母の愛情
Written by Shia Akino
「ダニエル、おまえ兄弟欲しいか?」
「――は?」
 きょうだい?
 いきなり何を言い出すのかと、ダンは目を見張って若すぎる母親を見上げた。
 年下の母親はなにやら大真面目で、この人は大体いつも真面目だが、大概の場合その真面目さは一般常識を超越している。
 嫌な予感に内心ひるんだダンは、続く台詞に盛大に顔を引きつらせた。
「いや、私自身も一人娘だし、特に不自由を感じたことはないんだが、このまえ“一人っ子は可哀想だ”と言うご婦人に会ってな。子供には兄弟がいた方がいいらしい。今ならもう一人や二人産めない事もないし――」
「やめてください!!」
 一瞬にして血の気が引いた。血液が逆流する音まで聞こえた。形容するならザーッだろうか。
 なんだかすごく怖いことを言われた気がする。すごく。
 ――兄弟が欲しいか、だって?
 いまさら、不惑を過ぎて今更だ。自分の息子より幼い弟妹が欲しいなどと誰が思うか。三十五年前ならいざ知らず。
 兄弟が欲しいと考えた事がないといえば嘘になる。母親がおらず、父親がとにかく忙しい人だったダニエルが、寂しさから弟妹を望んだとて誰に責められよう。姉のいる少年が弟を欲しがったり、妹のいる少女が姉を欲しがったりするのと同じ事だ。一人っ子じゃなくたって、ないものねだりくらい誰だってする。
「大体なんですか、一人っ子が可哀想というのは。欲しくても出来ない人には失礼な言い分でしょう」
 子供が出来にくい身体というものもある。ダンのように連れ合いを亡くした場合もあるだろう。個々の事情を斟酌せず、一律で語られる説に耳を傾ける価値などない。
 少なくともダンは、兄弟がいないことで自分を可哀想だと思ったことなど、一度だってないのだから。
「私もそう思うんだが、そういう論調があることも確かだろう。おまえが欲しければ産んでみてもいいかと思ってな」
 ジャスミンはどこまでも真面目である。ここで頷こうものなら、即座に子作りに励みかねない様子が心底恐ろしい。
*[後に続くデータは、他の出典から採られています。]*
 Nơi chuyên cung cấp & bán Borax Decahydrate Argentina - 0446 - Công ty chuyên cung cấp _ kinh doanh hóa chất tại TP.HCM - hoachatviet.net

「欲しくありません! だいたい、あの人はなんと言っているんです?」
 子供を欲しがるとは思えないのだが――ダンは思って、しかし実のところ結構可愛がってもらった記憶もあることに思い至って狼狽した。
 いやそんなまさか。
 徒党を組むのを嫌い、たった一人で連邦軍を敵に回した海賊王が子供好きとか。
 嬉々として子作りに勤しんだりとか。まさか。
 しかし可愛がってくれたのは紛れもない事実だ。進路の件では反発もしたし、自分で自分の葬儀を見る破目にもなったが、あの人はあの人なりにダンを想ってくれている。
 認めたくはないが――(それはもう、認めるつもりなどまったくないが!)想われている事をダンは知っていた。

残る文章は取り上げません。